The Movember Foundation, in partnership with Prostate Cancer UK.

摘要

背景

人们对患有晚期前列腺癌的男性的健康相关生活质量(HRQOL)知之甚少。我们报告了所有阶段前列腺癌男性的人群功能结局和 HRQOL,并确定了对医疗保健服务提供的影响。

方法

在这项基于人群的研究中,通过癌症登记数据确定了英国男性在诊断后 18-42 个月患有前列腺癌。进行了一项邮寄调查,其中包含经过验证的措施来评估功能结局(尿失禁、尿刺激和梗阻、肠道、性、活力和激素功能),使用扩展前列腺癌指数综合量表(EPIC-26)进行评估,以及关于性性功能障碍干预措施使用的问题)和一般 HRQOL(使用 5 级 EuroQol 五维问卷[EQ-5D-5L]评估移动性、自我护理、日常活动、疼痛或不适以及焦虑或抑郁,以及自我评估健康的评分)。对数线性和二元逻辑回归模型用于比较不同诊断阶段和自我报告的治疗组之间的功能结局和 HRQOL。每个模型都包括年龄、社会经济剥夺和其他长期疾病数量的调整。

结果

在 58930 名男性中,有 35823 名(60.8%)对调查做出了回应。35823 名男性中有 30733 名(85.8%)的疾病阶段已知;19599 名(63.8%)为 I 期或 II 期,7209 名(23.4%)为 III 期,3925 名(12.8%)为 IV 期疾病。平均调整后的 EPIC-26 域评分较高,表明功能良好,但性功能除外,其评分要低得多。
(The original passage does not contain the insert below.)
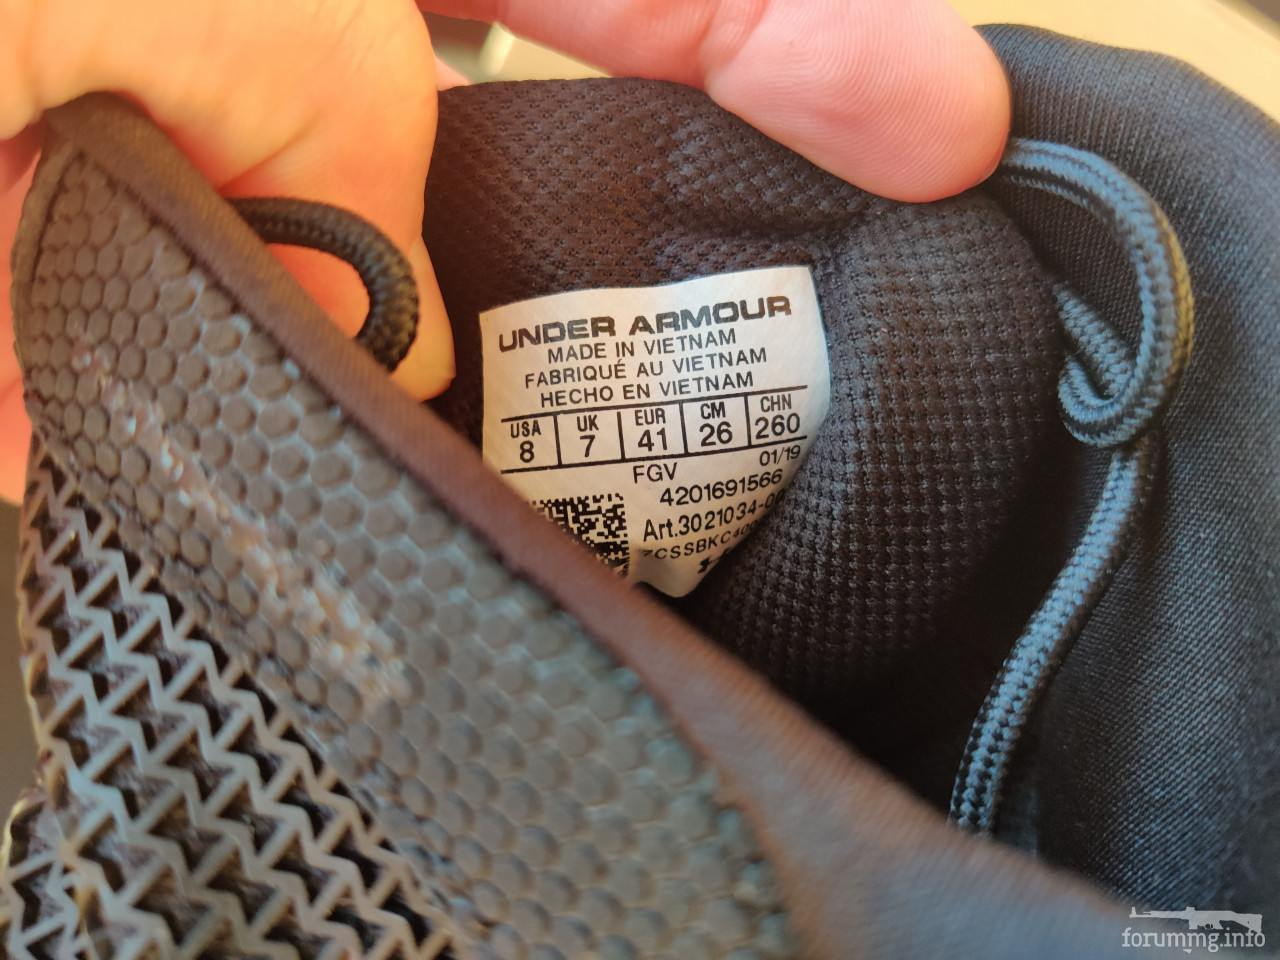 138694 - Under Armour Valsetz Boots (Under Armour Tactical Boots) 40-47р

与未接受雄激素剥夺治疗的男性相比,更多接受该治疗的男性报告有中度至严重的热潮红问题(30.7%[95%CI 29.8-31.6] vs 5.4%[5.0-5.8])、低能量(29.4%[95%CI 28.6-30.3] vs 14.7%[14.2-15.3])和体重增加(22.5%,21.7-23.3)vs 6.9%[6.5-7.3])。无论疾病阶段如何,性功能障碍都很常见(81.0%[95%CI 80.6-81.5]),超过一半的男性(n=18782[55.8%])没有接受任何帮助改善这种情况的干预措施。总体而言,I-III 期疾病男性的自我评估健康状况相似,尽管 IV 期癌症患者的健康状况略有下降,但 23.5%的转移性疾病患者在任何 EQ-5D 维度上都没有报告任何问题。

解释

与诊断为局部疾病的男性相比,诊断为晚期疾病的男性的 HRQOL 结果并没有明显不同,尽管接受雄激素剥夺治疗的男性荷尔蒙功能和疲劳问题相当严重。性功能障碍很常见,大多数男性没有得到有帮助的干预或支持。需要改善性功能康复服务,并采取措施减少雄激素剥夺治疗的影响。

资金

胡须基金会与英国前列腺癌协会合作。